[10] Pronounced Káy-ress.

[11] Commander in the field: equivalent to our colonel.

[12] Equivalent to lieutenant-colonel.

[13] Huge "table" of rock.


IV.

THE STORMING OF THE SKY-CITY.

At daybreak, on the morning of January 22, Zaldivar gave the signal for the attack; and the main body of the Spaniards began firing their few arquebuses, and making a desperate assault at the north end of the great rock, there absolutely impregnable. The Indians, crowded along the cliffs above, poured down a rain of missiles; and many of the Spaniards were wounded. Meanwhile twelve picked men, who had hidden during the night under the overhanging cliff which protected them alike from the fire and the observation of the Indians, were crawling stealthily around under the precipice, dragging the pedrero by ropes. Most of these twelve were arquebusiers; and besides the weight of the ridiculous little cannon, they had their ponderous flintlocks and their clumsy armor,—poor helps for scaling heights which the unencumbered athlete finds difficult. Pursuing their toilsome way unobserved, pulling one another and then the pedrero up the ledges, they reached at last the top of a great outlying pinnacle of rock, separated from the main cliff of Acoma by a narrow but awful chasm. Late in the afternoon they had their howitzer trained upon the town; and the loud report, as its cobble-stone ball flew into Acoma, signalled the main body at the north end of the mesa that the first vantage-ground had been safely gained, and at the same time warned the savages of danger from a new quarter.

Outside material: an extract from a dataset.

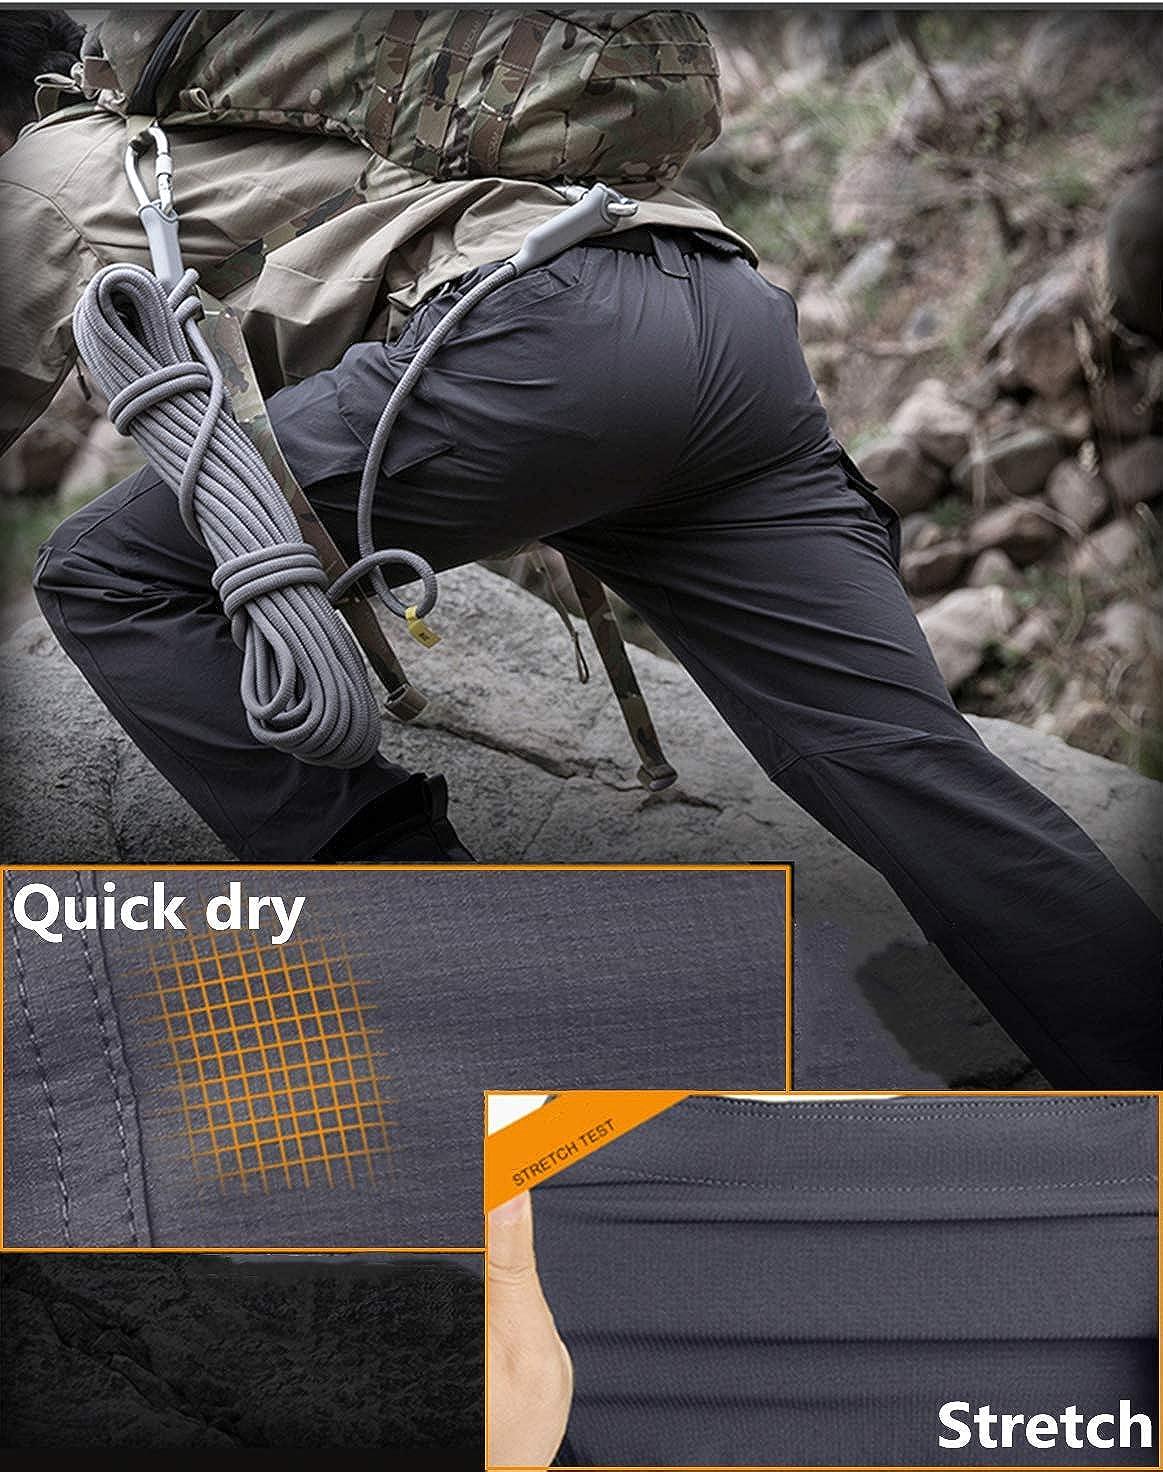 Mens Tactical Cargo Work Trousers Survivor Outdoor Waterproof Military Combat Pants with Elastic Waist. Soldier Tactical Waterproof Pants Combat Hiking Outdoor

That night little squads of Spaniards climbed the great precipices which wall the trough-like valley on east and west, cut down small pines, and with infinite labor dragged the logs down the cliffs, across the valley, and up the butte on which the twelve were stationed. About a score of men were left to guard the horses at the north end of the mesa; and the rest of the force joined the twelve, hiding behind the crags of their rock-tower. Across the chasm the Indians were lying in crevices, or behind rocks, awaiting the attack.